• **ABOUT THIS EXERCISE**:
Skip the pictures and write out, word for word, the lines below from the one with "Los Angeles Dodgers" through the one with "Magic Puzzle Company", inclusive.

• **TASK DATA**:
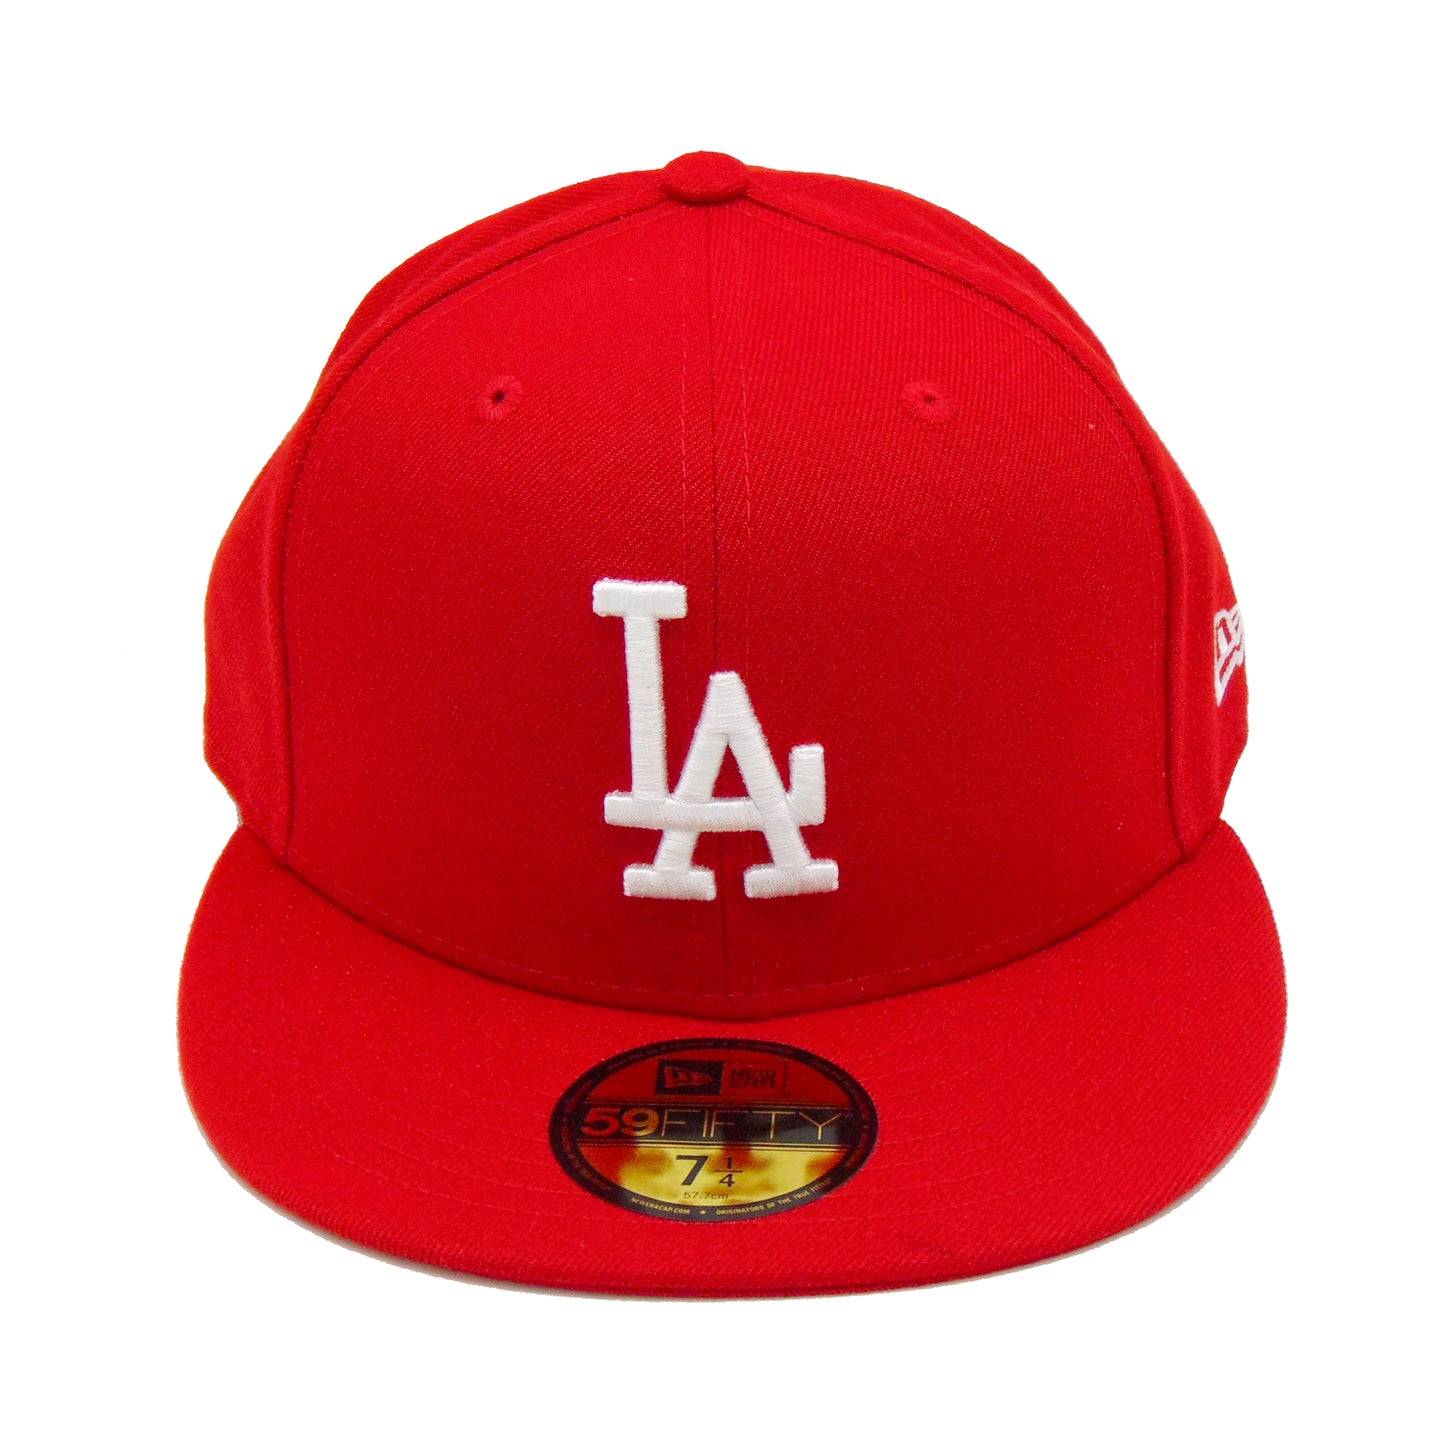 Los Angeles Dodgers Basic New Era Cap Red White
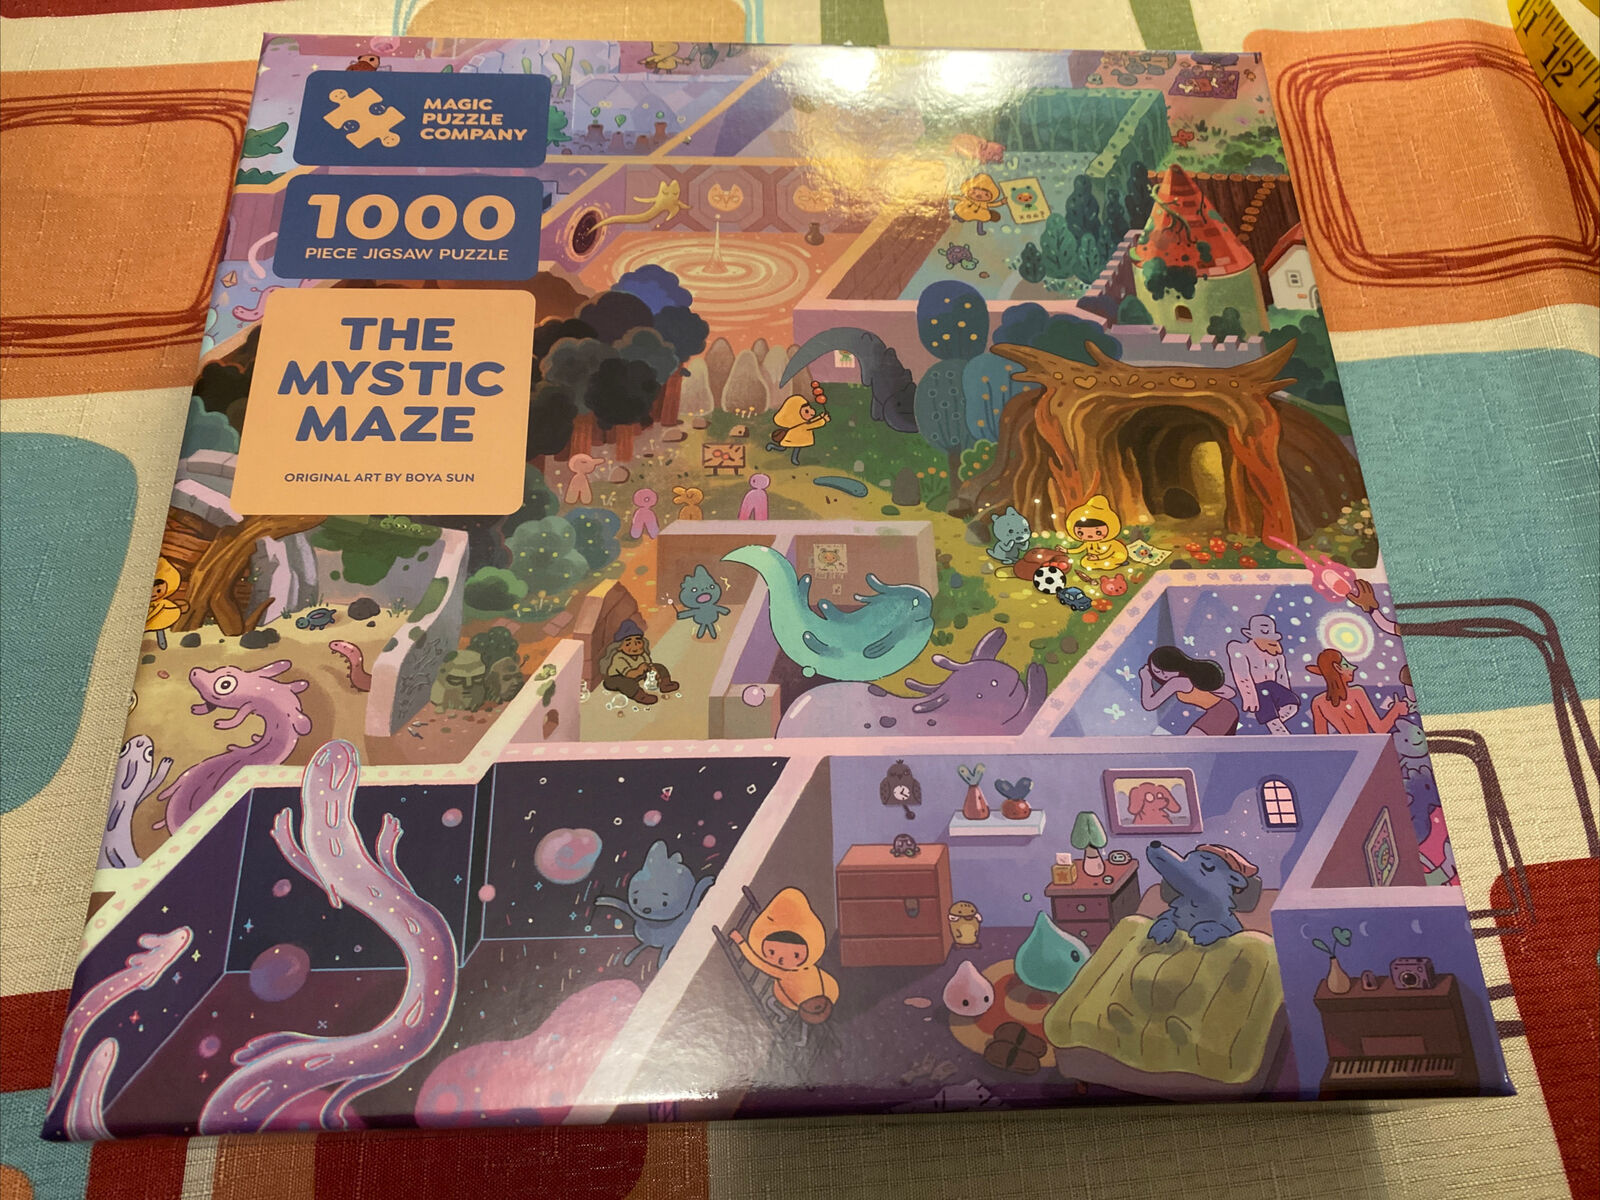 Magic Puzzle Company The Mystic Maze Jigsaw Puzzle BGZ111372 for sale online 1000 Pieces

---

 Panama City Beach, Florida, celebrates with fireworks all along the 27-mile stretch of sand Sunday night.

---

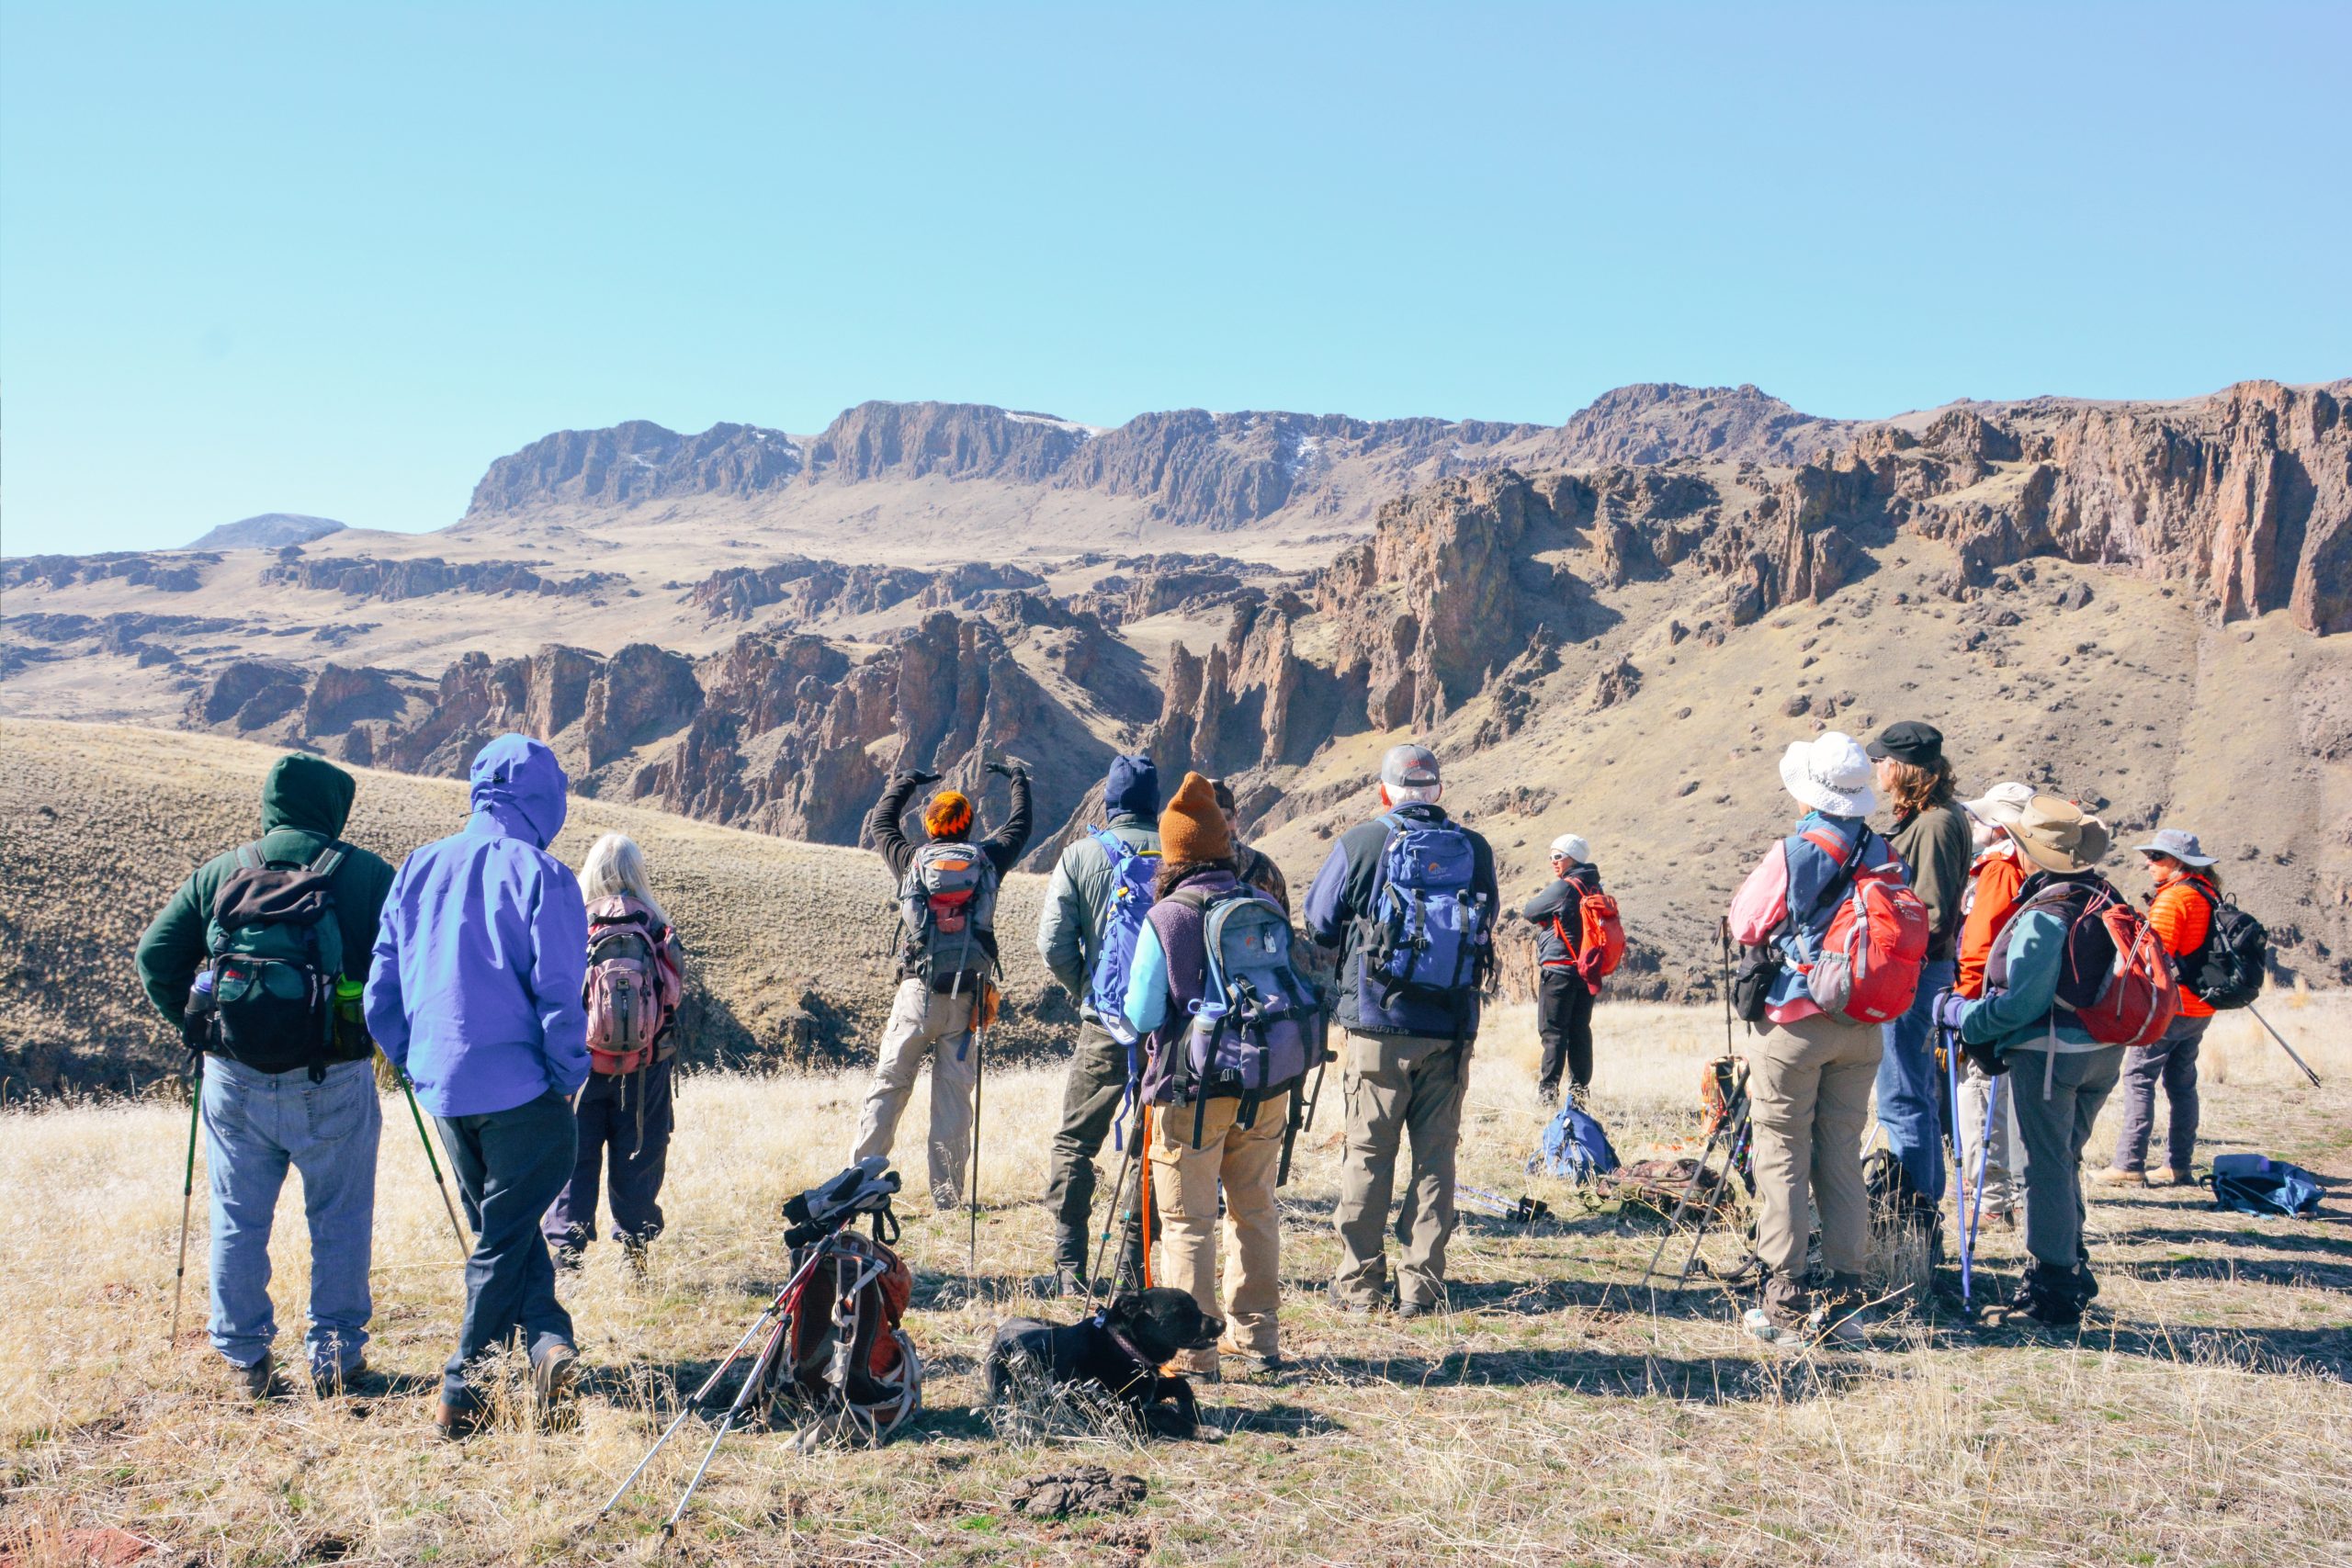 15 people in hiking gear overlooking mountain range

• **ANSWER BOX**:
 Los Angeles Dodgers Basic New Era Cap Red White
 Magic Puzzle Company The Mystic Maze Jigsaw Puzzle BGZ111372 for sale online 1000 Pieces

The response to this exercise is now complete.